# Your objective:
Having located "Racing Checkered Shoulder Handbag!" in the listing below, write out its line and every following line exactly, last line included, without the pictures.

# Collected material:
/---
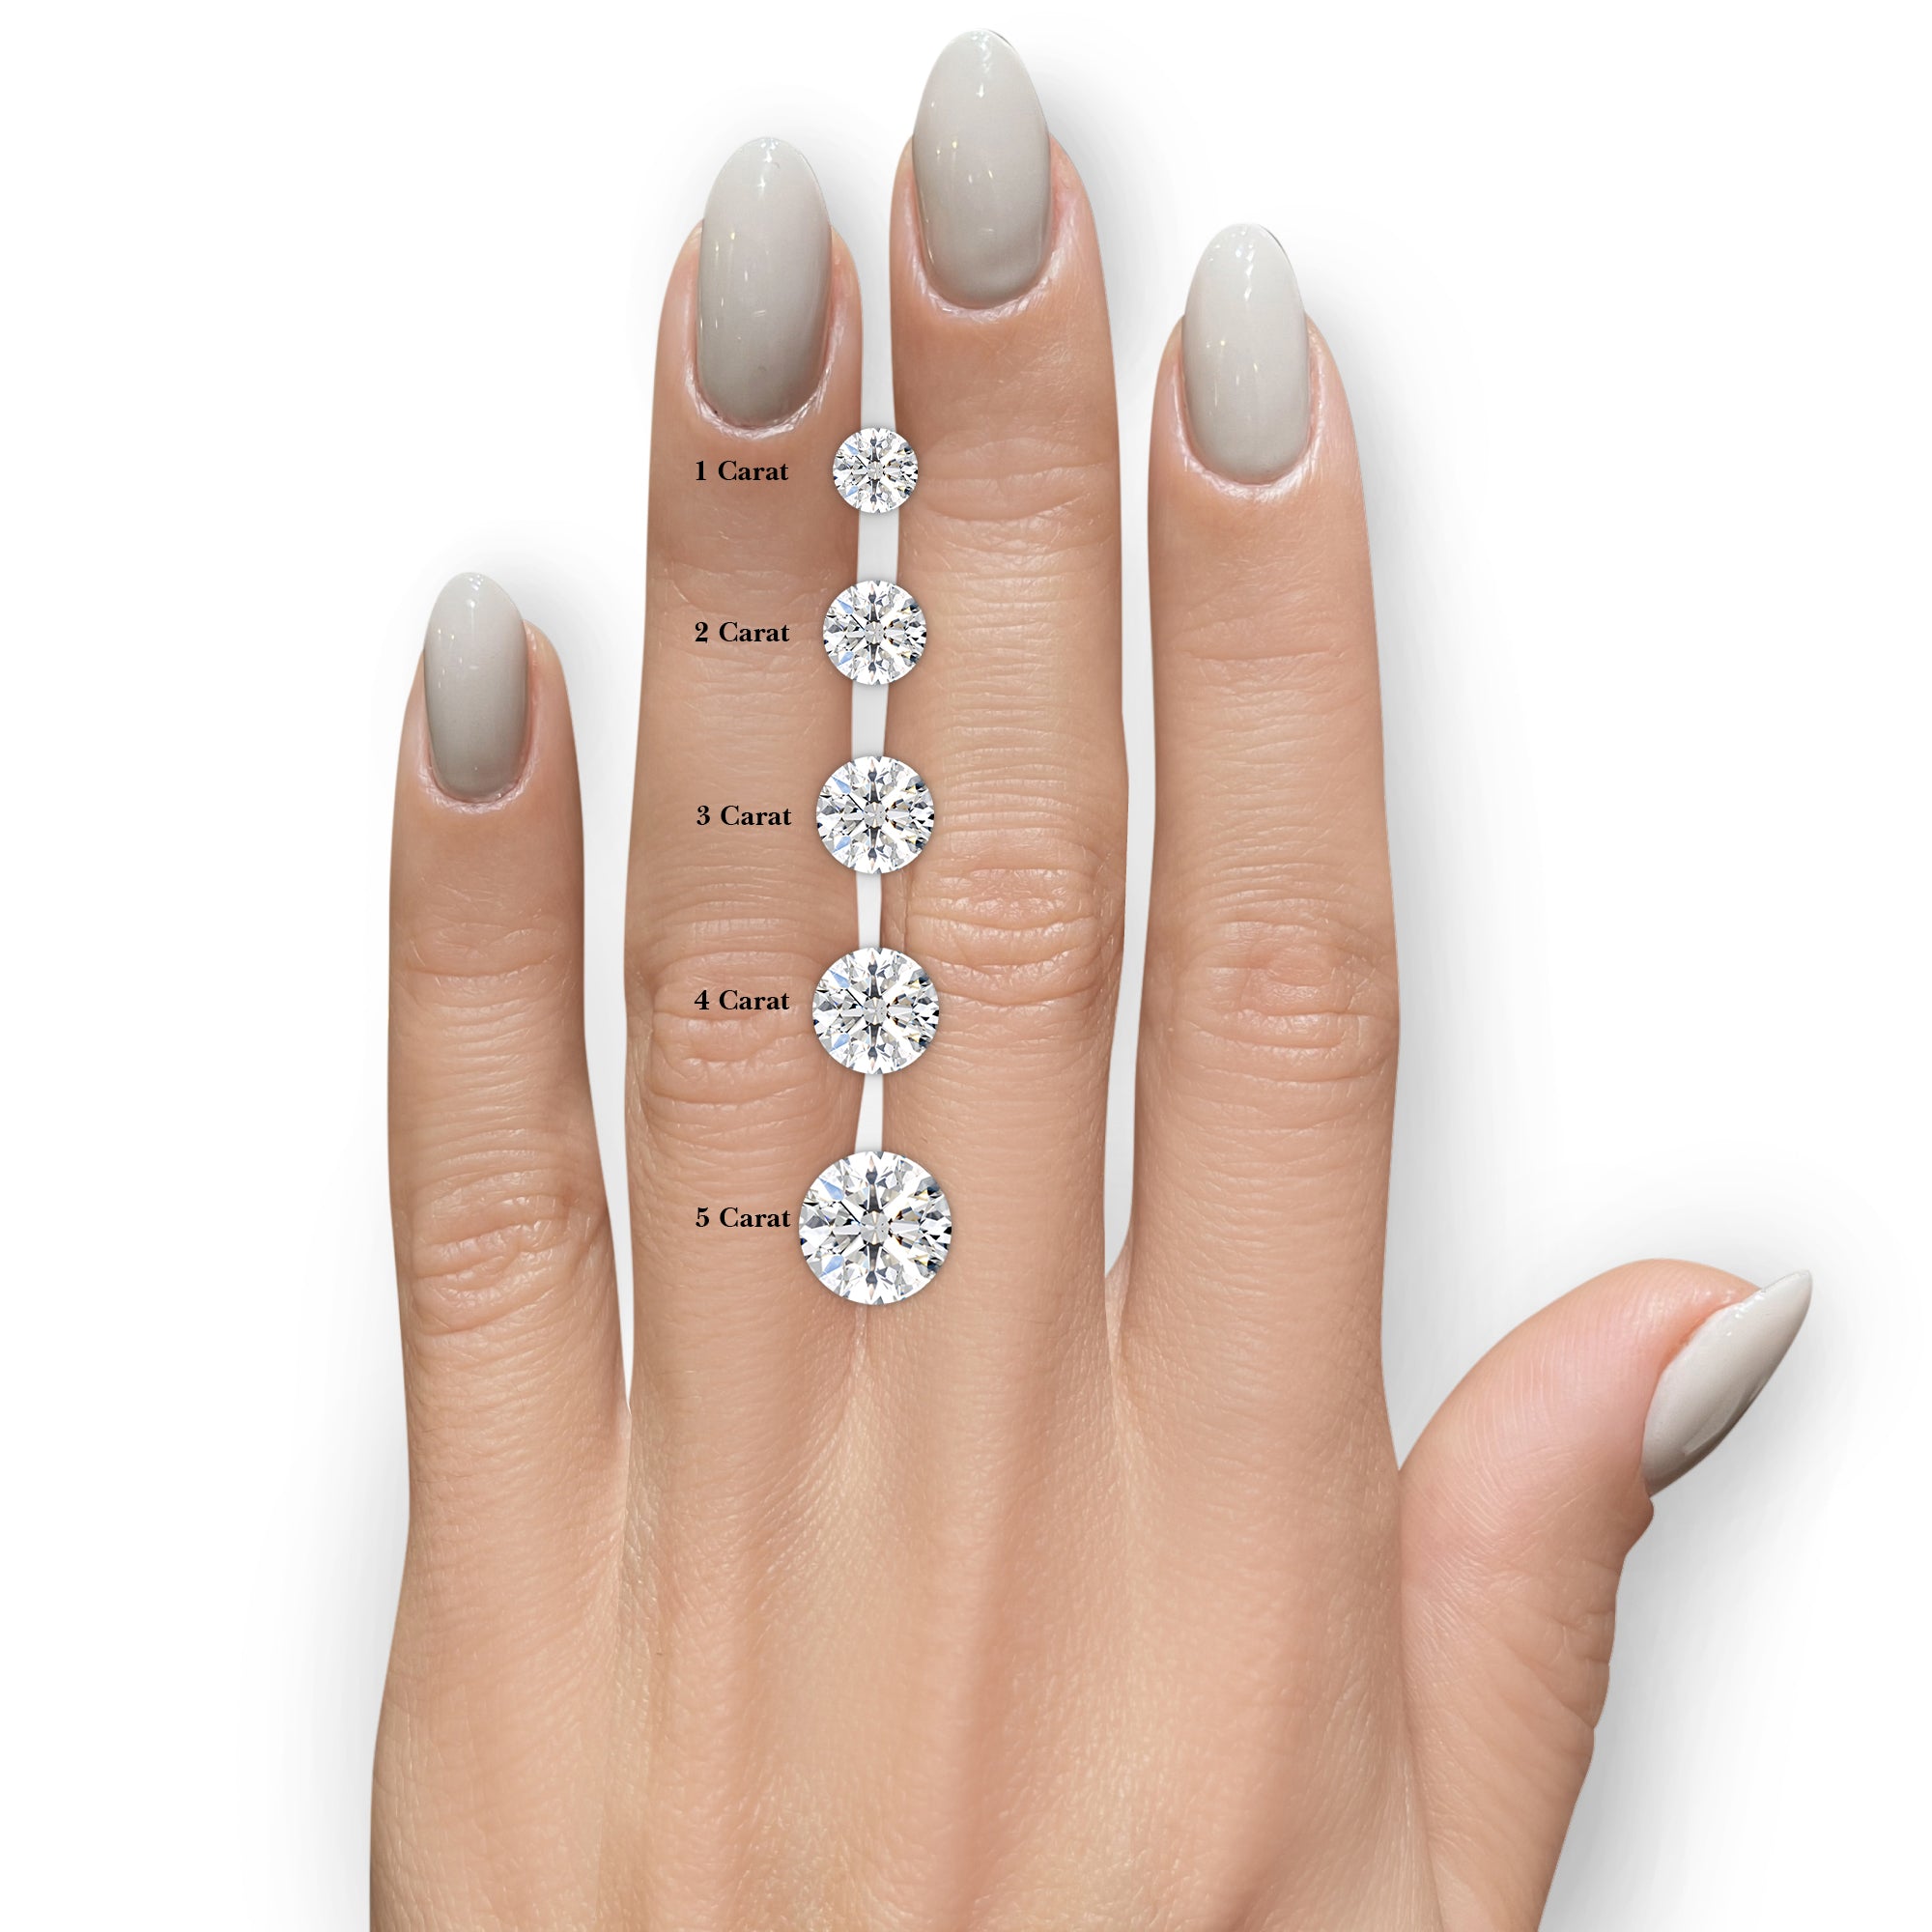 Alora Diamond Engagement Ring -18K White Gold
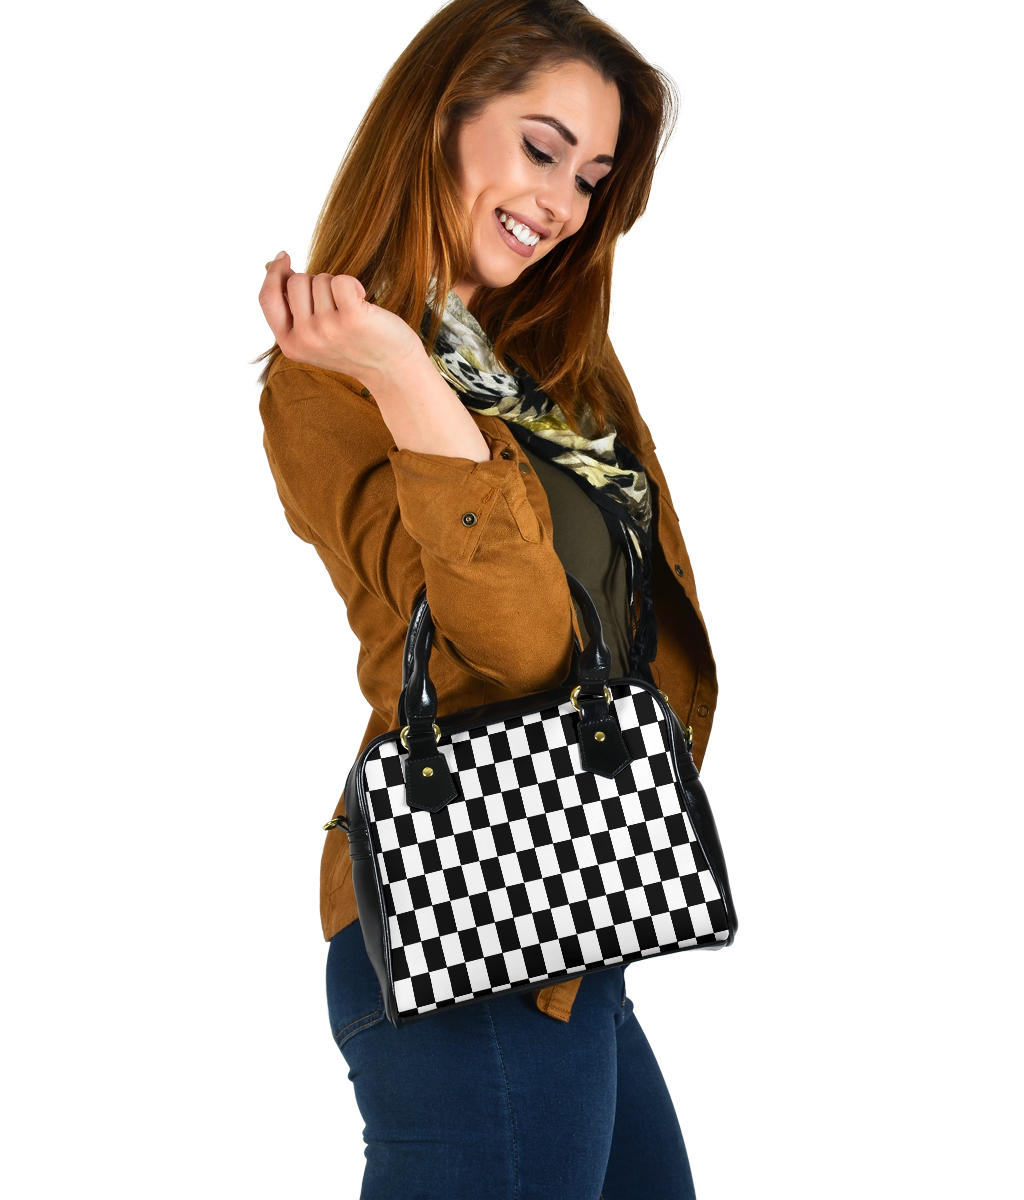 Racing Checkered Shoulder Handbag!
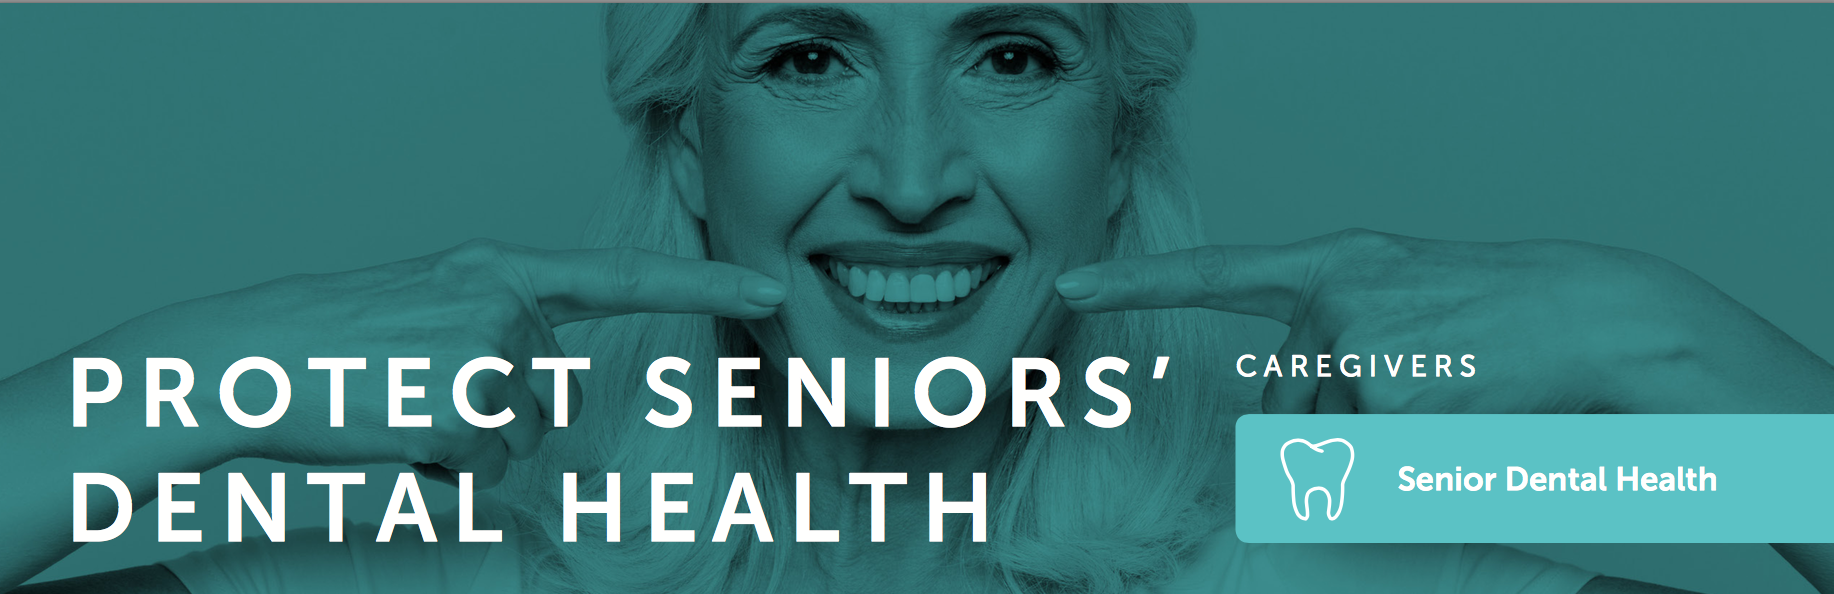 Protect senior's dental health.
\---
# Response to this task:
 Racing Checkered Shoulder Handbag!
 Protect senior's dental health.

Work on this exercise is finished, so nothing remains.